Because I was getting ready to move from Alexandria, VA, to Charlottesville to start my classes in law school, I remember clearly that it was the summer of 1989.  One day that summer I was driving on the Washington beltway when I noticed in front of me a 1963 Buick Skylark.  This car captured my attention because my family’s car during my childhood was a 1963 Buick Skylark. (My family’s car was a two-door black Skylark, very much like the one shown here, except ours had a white vinyl top.)  I noticed also on that day in 1989 that this 1963-model car sported what was once a rather familiar bumpersticker – one identical to the bumpersticker pictured here:

It took me only a second or two to detect – and to detest – the economic ignorance and hypocrisy that I witnessed that day on the beltway.  (I’m not talking here about the estimate of 10 Americans put out of work.  That number is vastly exaggerated.  But ignore here that particular issue.)

“Ignorance and hypocrisy?” you ask rhetorically.  “There’s no ignorance or hypocrisy!  A Buick is an American-made car!”

Well yes.  That 1963 Buick Skylark was indeed made in America – more than a quarter-century earlier.  It was probably purchased off of a used-car lot.  How many American auto workers were thus put to work by this Skylark’s owner when he or she bought this car used?  (Answer: None.)  But even if this car in 1989 was still owned and driven by the person who bought it new 26 years earlier, how many American auto workers had this person put to work in 1989 – or in 1979 – or in 1969 – or, for that matter, in 1964?  (Answer: None.)

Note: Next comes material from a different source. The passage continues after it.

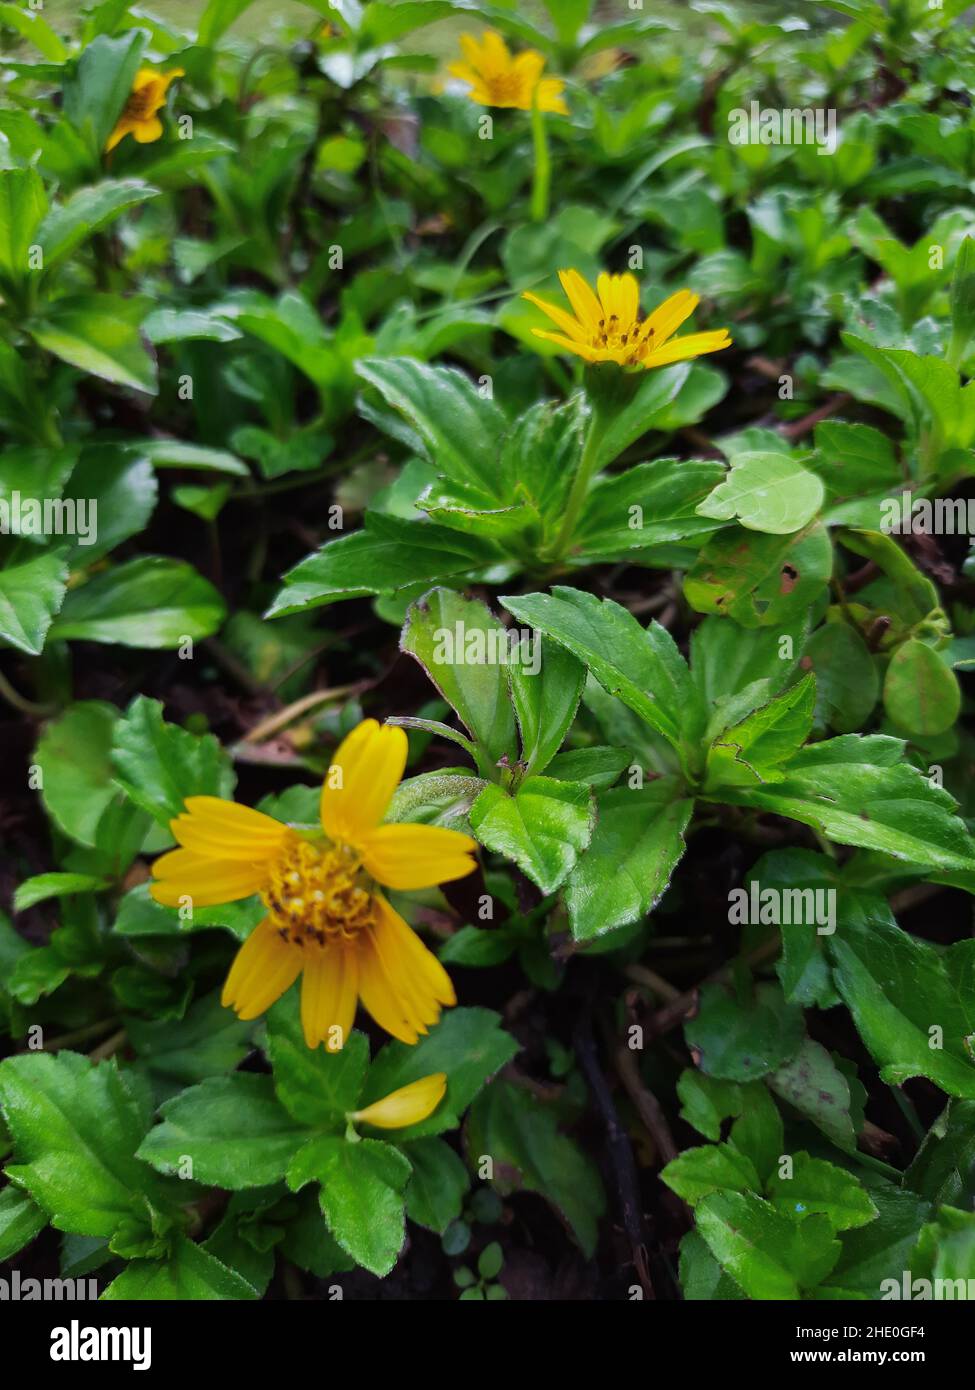 Gros plan des feuilles de plantes vertes et des fleurs jaunes de collotheca trilobata Banque D'Images

If to buy a foreign car is to “Put 10 Americans out of work!” then so, too, is to buy a used car an activity that puts ten Americans out of work.  Likewise, ten Americans are put out of work by simply continuing to drive a car already acquired.

…..

Protectionists’ assertions and arguments are dumb.  I confess to taking great pleasure in exposing the fallacies that infect them all.